I sure hope he is right!! I followed him last year and wasn't impressed though. How you been Tim? What's your thoughts on this season?

Andrew


----------



## RichG53 (Sep 16, 2008)

We will see if he is close ... Last year he got total BASHED,and I mean BASHED(A lot of profanity to him & his wife for writing a column backing him ) on his predictions of storms coming ......


----------



## stroker79 (Dec 2, 2006)

Yeah he pretty much sucks at snow forcasts but he is fun to listen too, lol


----------



## iceyman (Mar 1, 2007)

well if we get under our average we know to just never listen again//.... this is such a freaking tease


----------



## FordFisherman (Dec 5, 2007)

You can't ever count on snow. Ever.


----------



## tls22 (Sep 30, 2007)

Bossman 92;819227 said:


> I sure hope he is right!! I followed him last year and wasn't impressed though. How you been Tim? What's your thoughts on this season?
> 
> Andrew


I have been good andrew...how have u been? I can see where HM is coming from....he is going with a active southern branch jet stream and lots of clippers.......for the record he is not the only one saying this....yet alot of his blog readers are out of the northeast...so it makes sense for him to say alot of snow for us. I think a more mundane forcast then his.....i dont think the midwest will get hammered again this winter.....prob very cold and normal snow for them....pretty much what everyone else is saying also.



RichG53;819246 said:


> We will see if he is close ... Last year he got total BASHED,and I mean BASHED(A lot of profanity to him & his wife for writing a column backing him ) on his predictions of storms coming ......





stroker79;819257 said:


> Yeah he pretty much sucks at snow forcasts but he is fun to listen too, lol


Rich and Doug you are 100% correct.........he stop posting for a while cause it got so bad. He often hypes to much...and forcast fantasy storms. The biggest storm i got was in march....he said it would not happen cause the models will not burn him again. Well they did...just in a better way for me.



iceyman;819286 said:


> well if we get under our average we know to just never listen again//.... this is such a freaking tease


He is saying 54 inches for newark....i dont think so.....i would go 32......hell i will take last winter in a min


----------



## hydro_37 (Sep 10, 2006)

We can all only HOPE for a good winter.
I am.


----------



## mkwl (Jan 21, 2005)

I'd be happy with another winter like last winter- most of the storms were when I was home!- anything better than that would be frosting on the cake!


----------



## WingPlow (Jun 18, 2007)

i dont see how anyone in the snow plowing business can put any amount of faith in a long term forcast

weather forcasters can only accuratly predict weather to 2-3 days out


----------



## 2COR517 (Oct 23, 2008)

Weathermen are funny. We have a couple of local guys up here that get pretty, well, excited about a big storm. We can always count on the two talking about a "major weather event" well before anyone else. I am mostly concerned with timing. I don't care how much we get, just when it will start/stop.


----------



## Case580M (Jan 31, 2008)

His prediction for here is 50% of last couple years. Looks like my no snow insurance policy may even work.


----------



## RepoMan207 (Oct 7, 2008)

2COR517;824491 said:


> Weathermen are funny. We have a couple of local guys up here that get pretty, well, excited about a big storm. We can always count on the two talking about a "major weather event" well before anyone else. I am mostly concerned with timing. I don't care how much we get, just when it will start/stop.
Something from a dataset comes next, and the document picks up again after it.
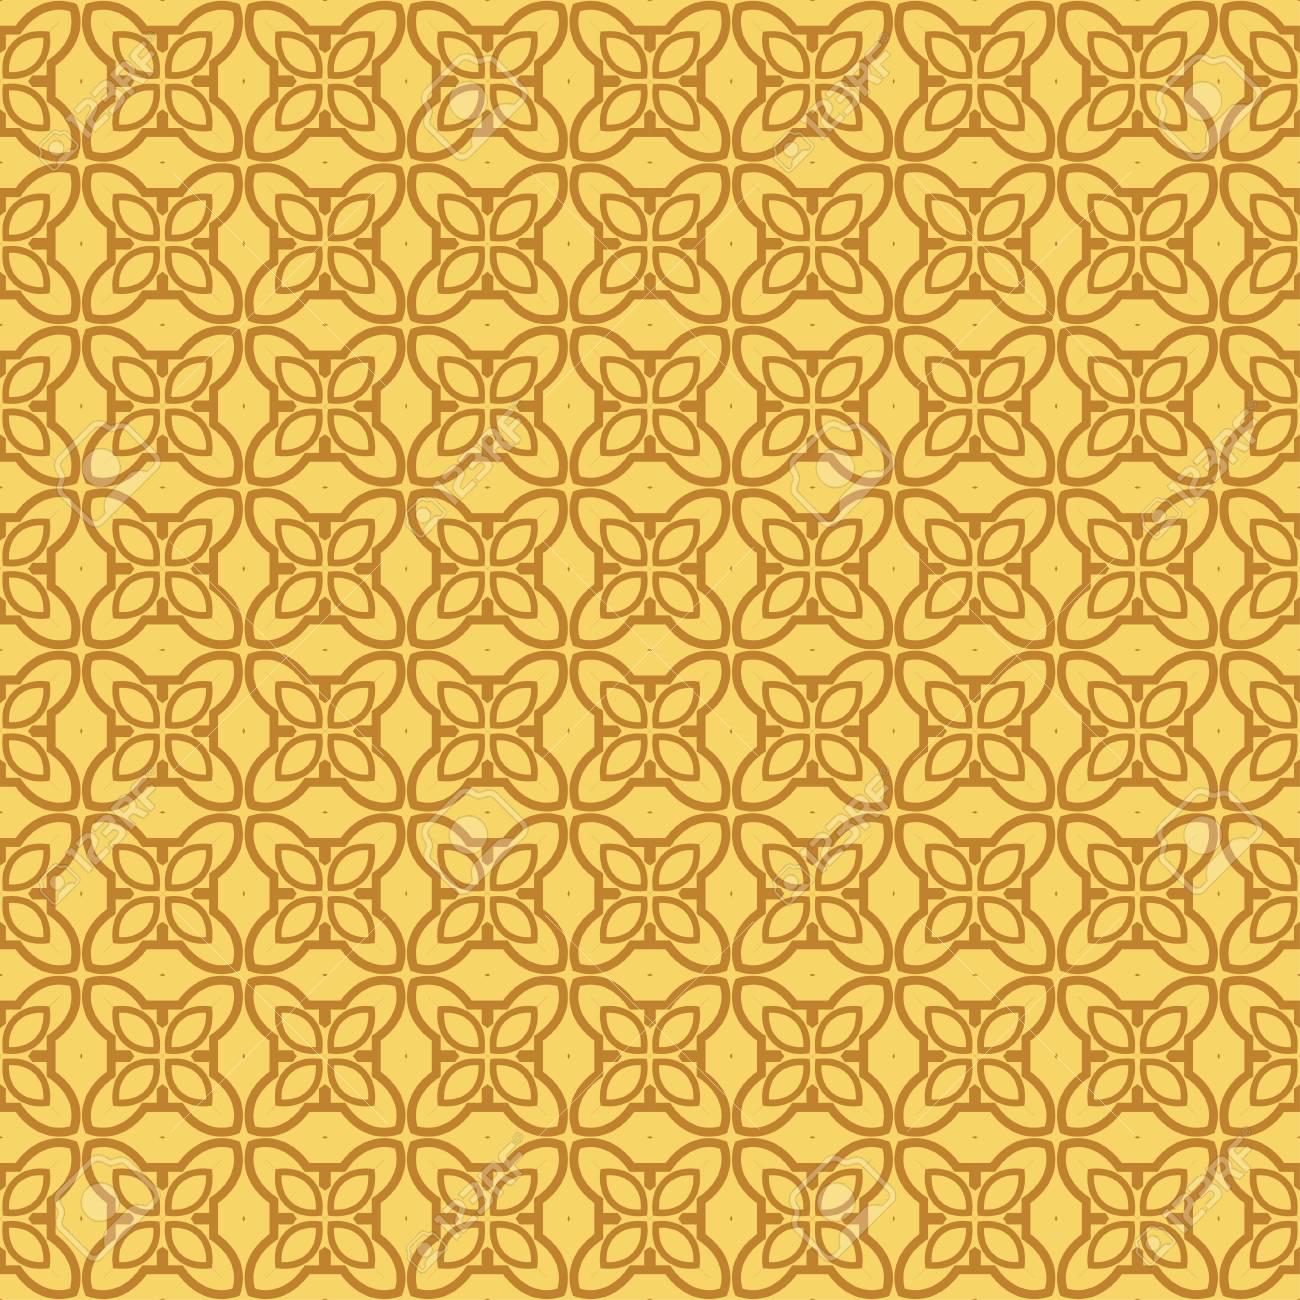 124925820 modern stylish geometry seamless pattern art deco background luxury texture for wallpaper invitation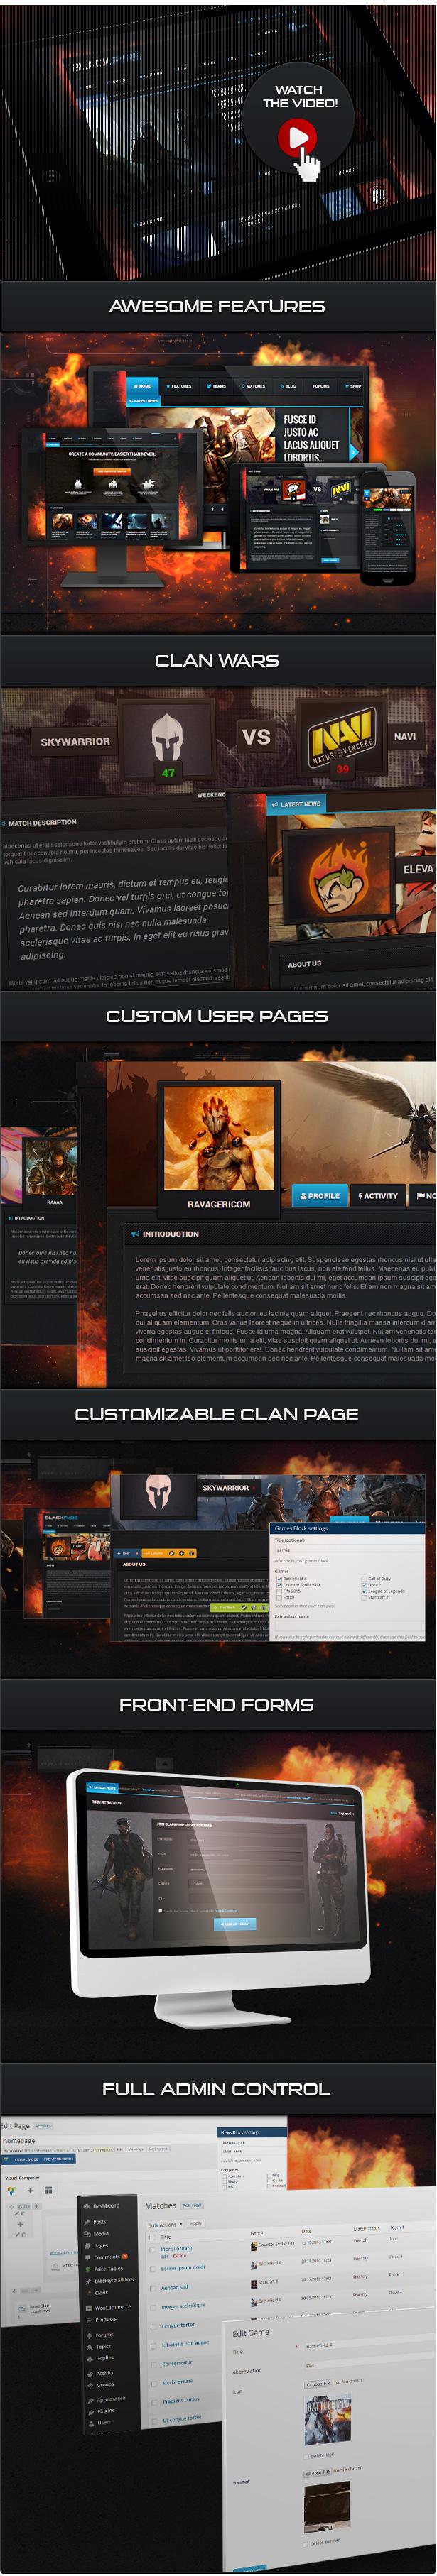 Blackfyre - أنشئ مجتمع الألعاب الخاص بك - 2

Your absolutely right there. They seem to over hype it, especially in the beginning months. "Looks like were getting 12" on Tuesday (Then Monday night comes around) 6" (Then Tuesday morning) 2"- 4" (then its) Oh what a close call, it decided to go out to sea"

I just want to know what time to get up. There is nothing worse then getting up at 2AM to discover that the storm hasn't even started yet, & then I can't get back to sleep. :realmad:


----------



## JBMiller616 (Dec 12, 2007)

I like being on the northwest side of those tracks.........Henry doesn't tend to be very accurate though. But many others aren't either....


----------



## 2COR517 (Oct 23, 2008)

RepoMan207;825192 said:


> Your absolutely right there. They seem to over hype it, especially in the beginning months. "Looks like were getting 12" on Tuesday (Then Monday night comes around) 6" (Then Tuesday morning) 2"- 4" (then its) Oh what a close call, it decided to go out to sea"
> 
> I just want to know what time to get up. There is nothing worse then getting up at 2AM to discover that the storm hasn't even started yet, & then I can't get back to sleep. :realmad:


You must mean "Breaking Weather, Breaking Wind" or "Where the news comes first" LOL.


----------



## fatboyNJ (Dec 22, 2007)

iceyman;819286 said:


> well if we get under our average we know to just never listen again//.... this is such a freaking tease


those numbers would be awesome but cant hold ur breath


----------



## dlcs (Sep 2, 2004)

To tell the truth, i don't like the big storms as much as, I like small frequent storms and ice.


----------



## Young Pup (Aug 13, 2004)

I will take the small storms too. I don;t like abusing the truck on the big storms.


----------



## Grampa Plow (Sep 1, 2008)

Ditto on the getting up at 2 (when they say it will start) and then being awake for the rest of the morning. That really sucked. Now I just give the 2 guys that always work security on 3rd shift at a local college $25.00 a season to call me when we get 1/2 inch of snow. I sleep like a baby until then!!


----------



## ondagawood (Sep 19, 2007)

Yeah a forecast is only good for 2 - 3 days out. Totals don't mean anything until April when the news people (and newspapers) decide which city gets the "gloden" snowball award for the most snow-fall for the season.
Timing *is *the major factor involved here for ALL of us so we know when to head out, etc.... As long as we all have a safe winter too...... :waving: payup


----------